From this point on, cardiologists believed they were experiencing a paradigm shift away from glucose control medications to this new class of drugs that showed reduction in CVD outcomes as well. In fact, last year at the annual meeting of the American Society of Preventive Cardiology (ASPC), many of the cardiologists in attendance expressed concerns about the use of diabetes drugs such as metformin and insulin. Instead, they wanted to only treat patients with SGLT-1 and SGLT-2 inhibitors. In response to these reactions, the chair of the meeting, Peter Toth, invited me to speak at this year’s ASPC annual meeting about the importance of hyperglycemia and its management.

How Hyperglycemia Affects the Body

In patients with diabetes, hyperglycemia causes glycation of the organs and proteins, and changes the characteristics of nerves and blood vessels. When the small blood vessels are affected, the damage to organs happens quickly. Conversely, when large blood vessels are affected, the damage could take longer to see.

We know that hyperglycemia can cause blindness, neuropathy, nephropathy, coma, or limb/phalange amputation. And for some patients, going blind or losing a leg might be more devastating than having a heart attack. Therefore, we have to address microvascular and macrovascular disease.

From several studies, we have seen long‑term “legacy” results. In particular, the United Kingdom Prospective Diabetes Study (UKPDS) did not show reduction in CVD at the end of the trial.3 Ten years after the study completed, the people whose glucose was better controlled at the end of the trial had less CVD and mortality. That is called the legacy effect. We have also seen that in a couple other studies, including ones that evaluated people with type 1 diabetes.

We know from many epidemiologic studies that the higher the A1c measuring glucose, the more complications patients have. What we have not shown, or have not shown well, is that intervention helps, because our studies are short term. We see better results with controlling cholesterol. Even that typically takes 3.5 to 4 years to show results.

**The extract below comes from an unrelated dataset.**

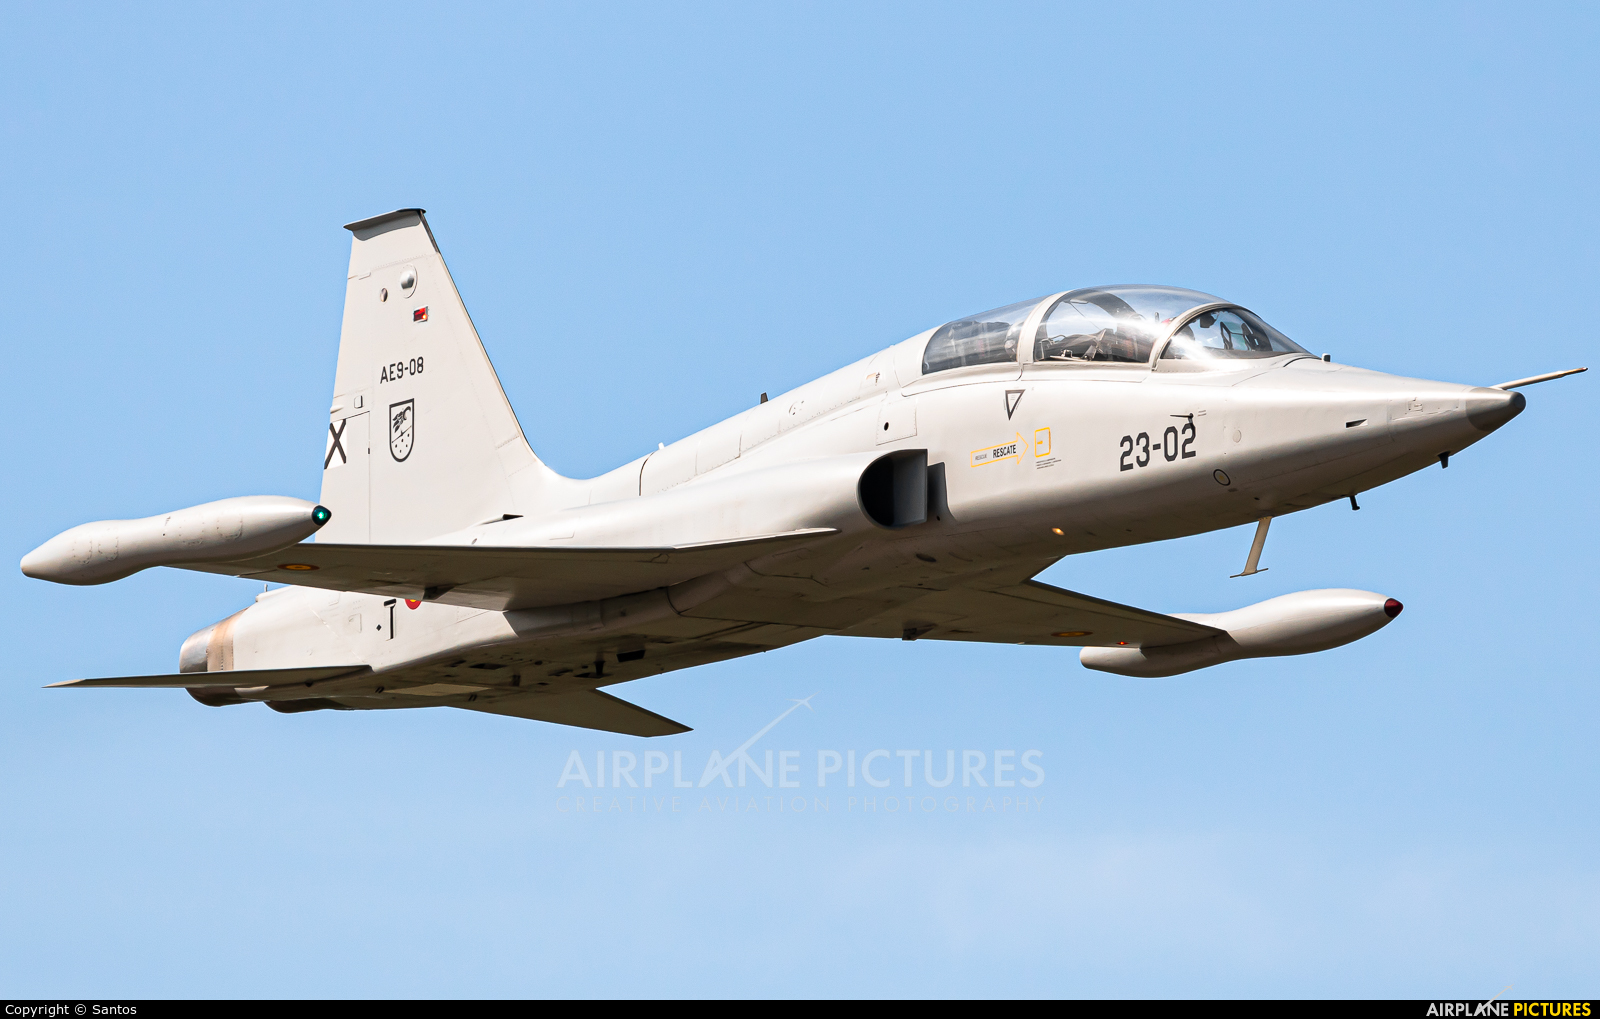 Spain - Air Force AE.9-08 aircraft at Tablada

People who have had diabetes for at least 10 years will likely already have kidney disease. And people with diabetes and kidney disease have a huge risk for CVD. Therefore, it is important that when we treat people with diabetes, we do not just look at one particular drug for diabetes that may also have an impact on CVD. We need to address all the risk factors comprehensively.

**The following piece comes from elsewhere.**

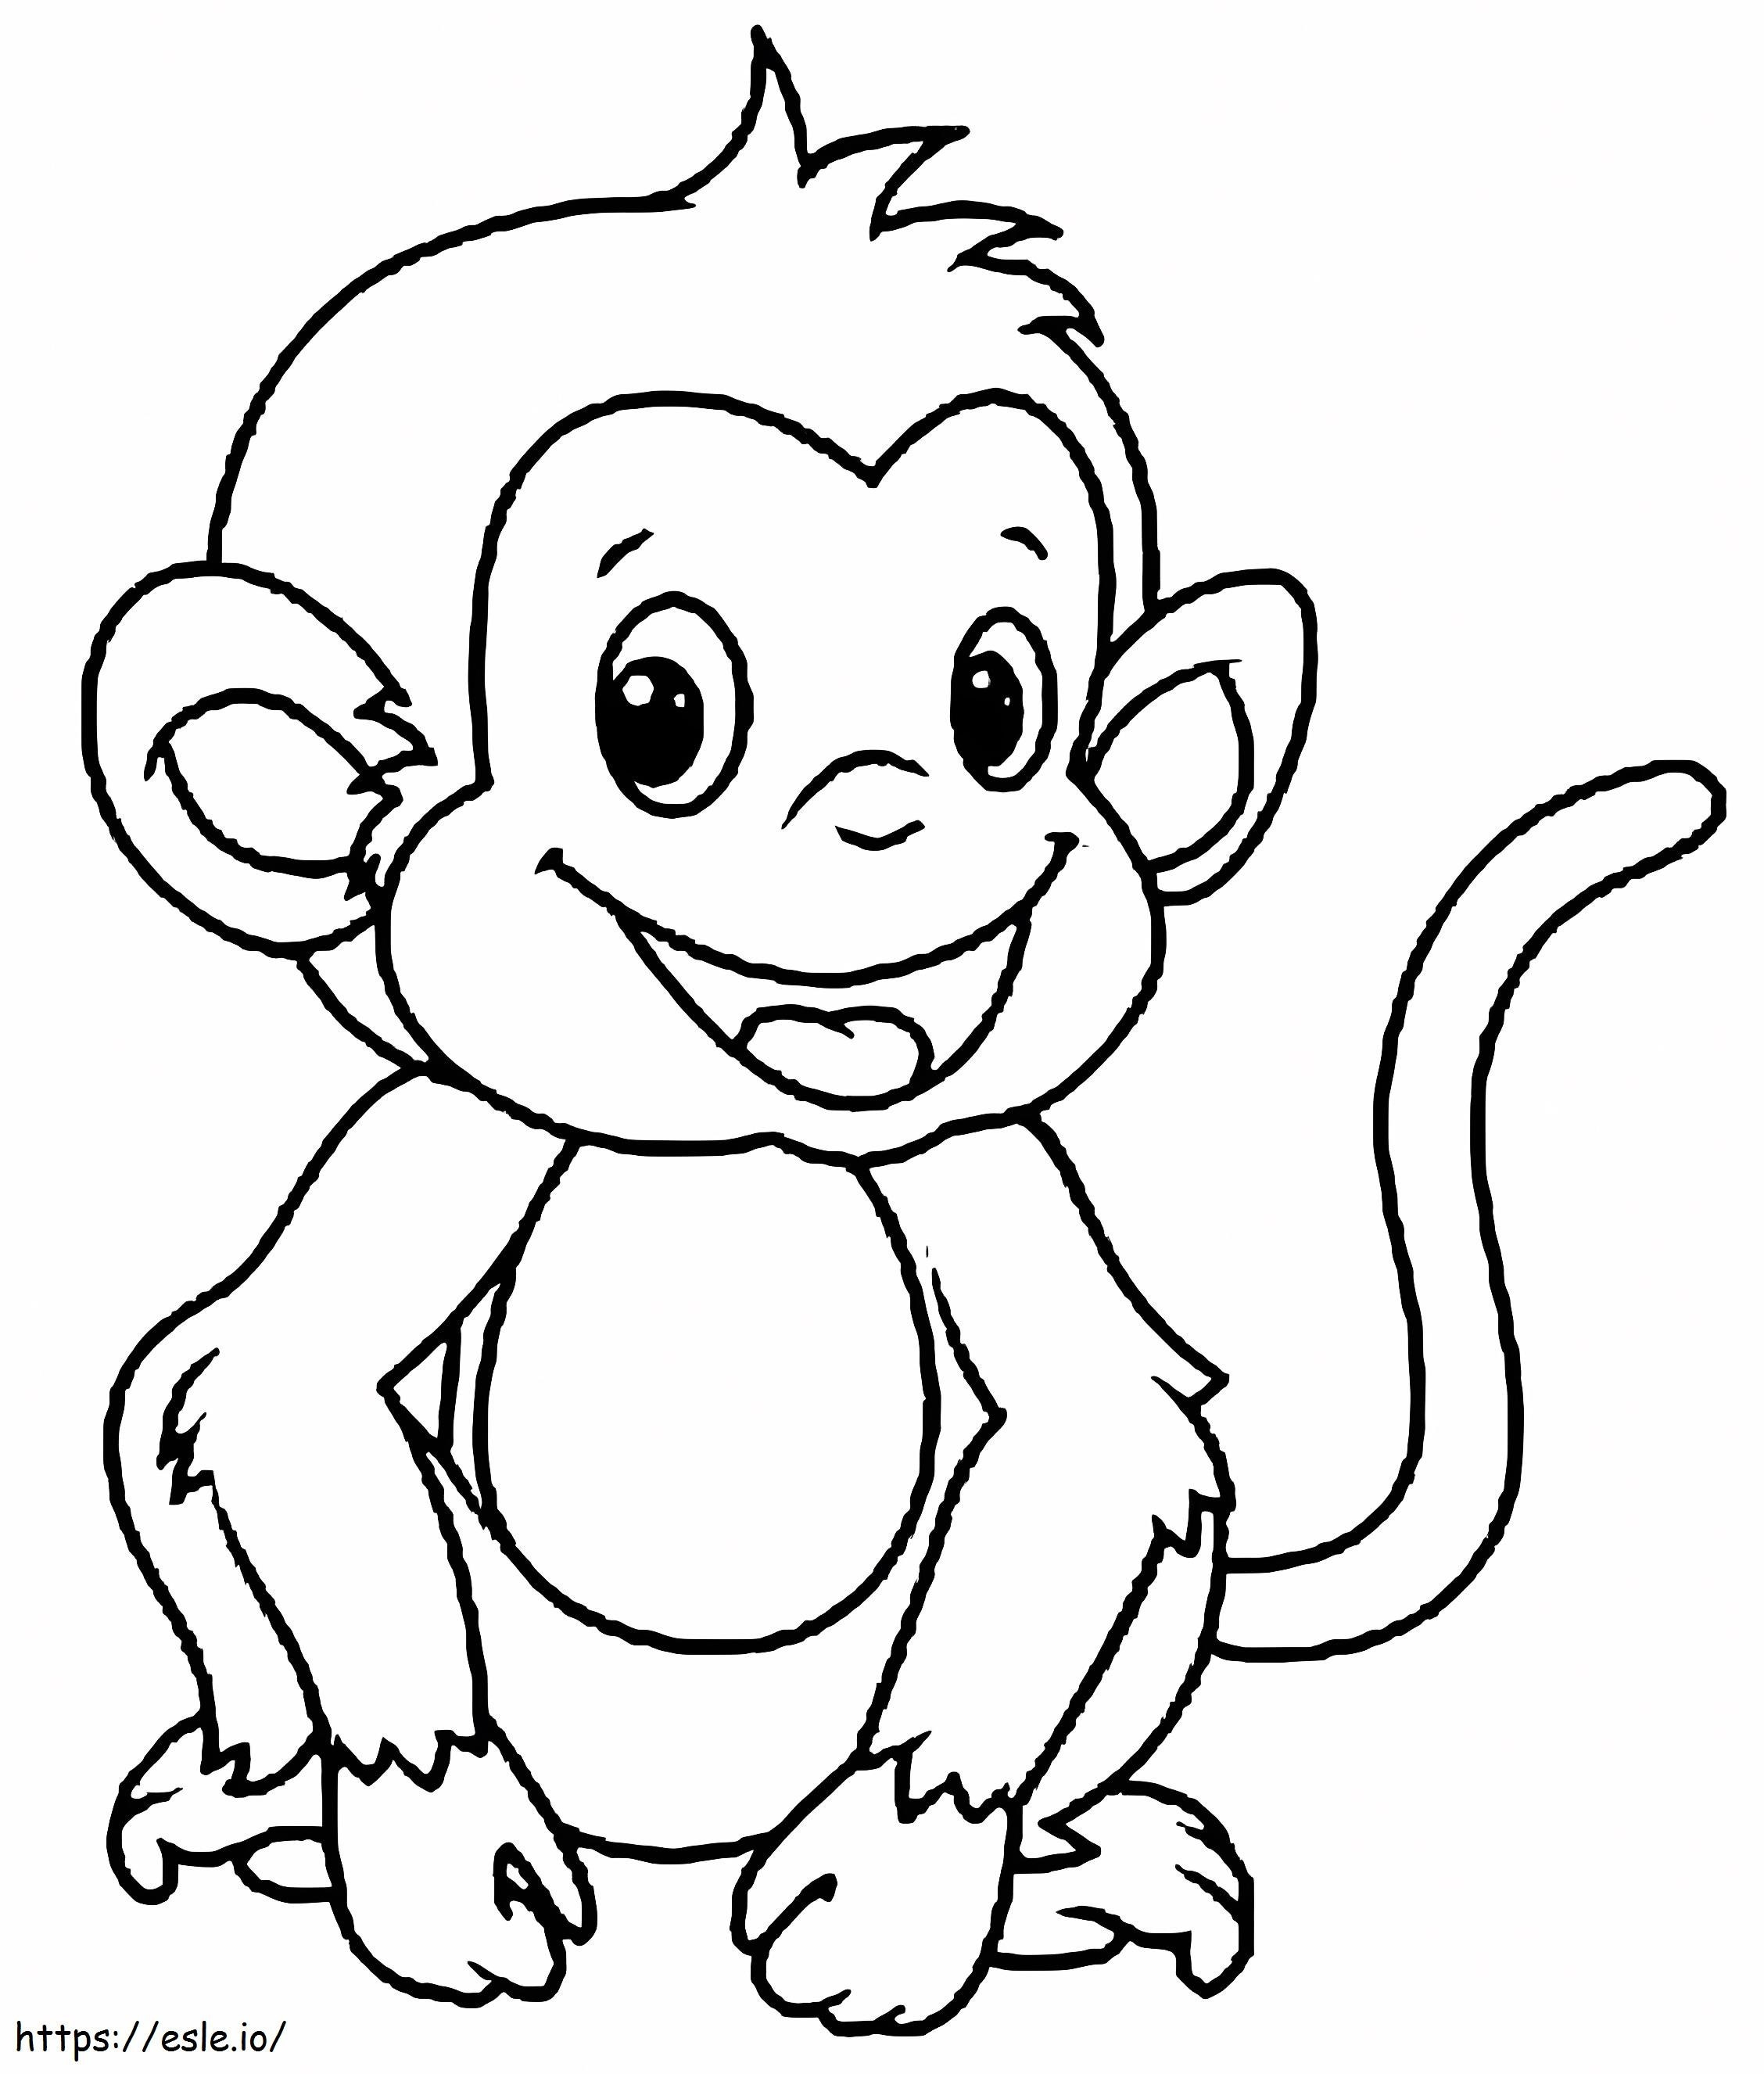 Lustige Affenzeichnung ausmalbilder

Utilizing a Comprehensive Approach

We know that people with diabetes often have issues with lipids, blood pressure, and coagulation, and so we endocrinologists treat them comprehensively to reduce CVD. Diabetes is not a simple disease. It is not only a glucose disease, and it is not only a macrovascular disease. Diabetes is complex. Patients with diabetes typically also have hyperglycemia, hypertension, and/or dyslipidemia. In many centers, cardiologists now realize that maybe they should create a cardiometabolic center, where they have a cardiologist, an endocrinologist, a nephrologist, and maybe a gastroenterologist or liver specialist.

For example, when I have a patient with arrhythmia or congestive heart failure, I would send him or her to the cardiologist—even though I know these heart problems come from diabetes and I may be able to manage some aspects of it. We have to address the whole comprehensive aspect of patients with diabetes and not just focus on just one aspect of the disease, as important as it is, and say nothing else matters.

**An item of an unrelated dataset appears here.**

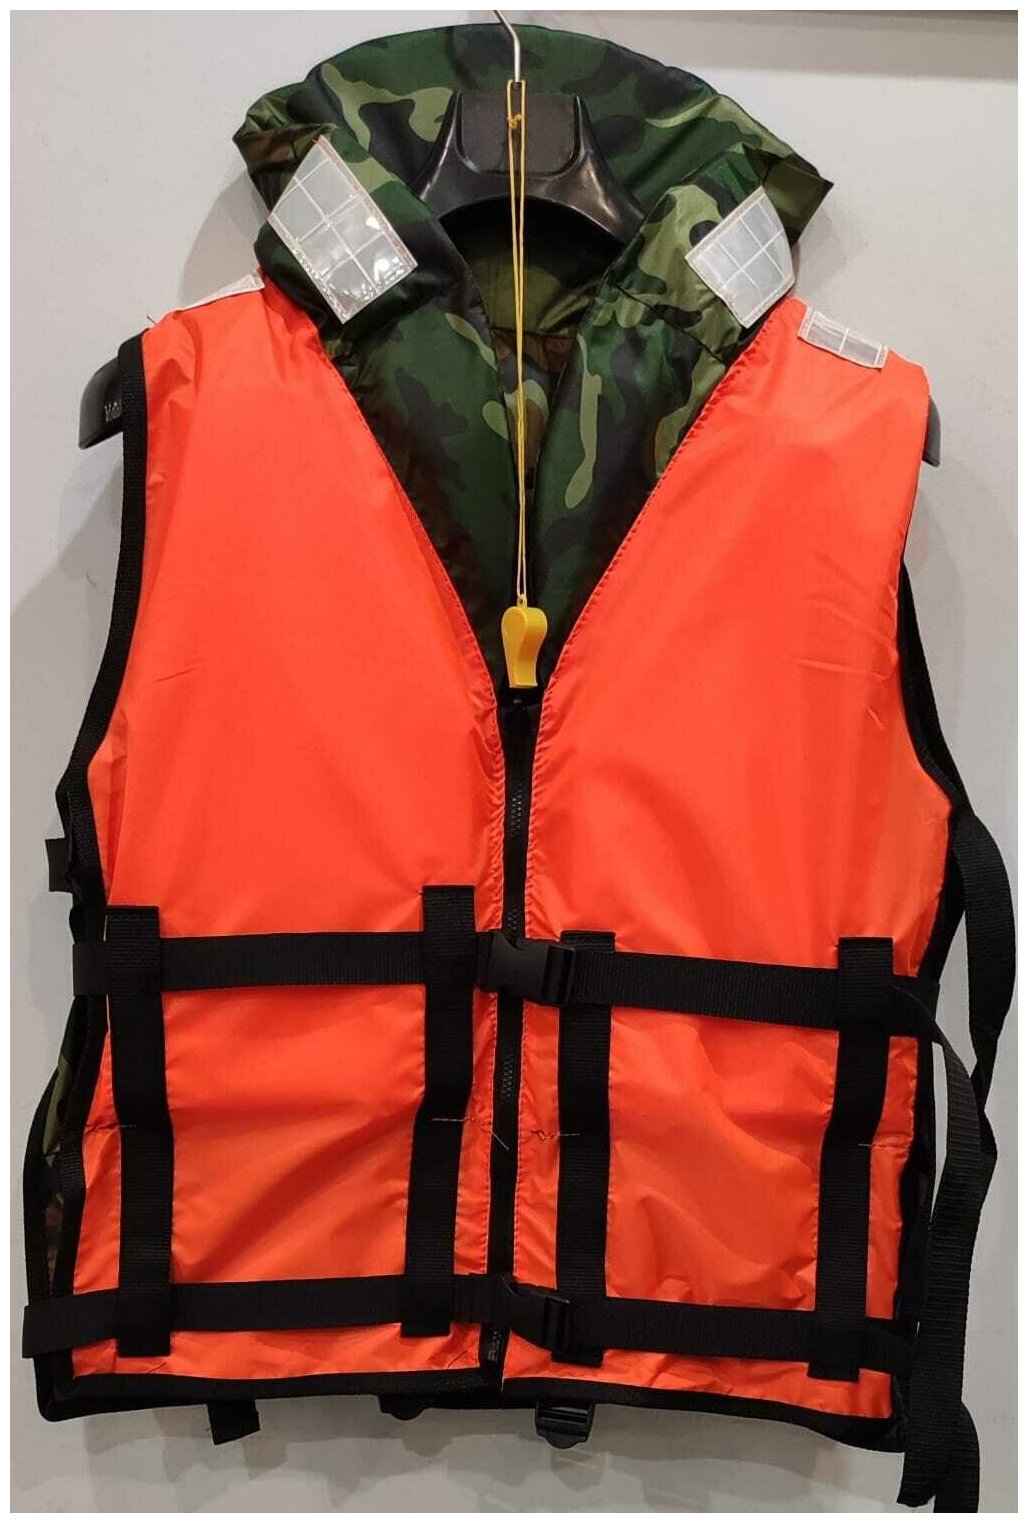 Спасательный жилет МотоБот (универсальный )/Аксессуар для лодки ПВХ .

Yehuda Handelsman, MD, is a practicing endocrinologist and the medical director of and principal investigator at the Metabolic Institute of America in Tarzana, California.



  1. Zinman B, Wanner C, Lachin JM, et al; EMPA-REG OUTCOMES investigators. Empagliflozin, cardiovascular outcomes, and mortality in type 2 diabetes. N Engl J Med. 2015;373:2117-2128. doi:10.1056/NEJMoa1504720.
  2. Marso SP, Daniels GH, Brown-Frandsen K, et al; LEADER Steering Committee on behalf of the LEADER Trial investigators. Liraglutide and cardiovascular outcomes in type 2 diabetes. N Engl J Med. 2016;375:311-322. doi:10.1056/NEJMoa1603827.
  3. King P, Peacock I, Donnelly R. The UK Prospective Diabetes Study (UKPDS): clinical and therapeutic implications for type 2 diabetes [published online December 24, 2001]. Br J Clin Pharmacol.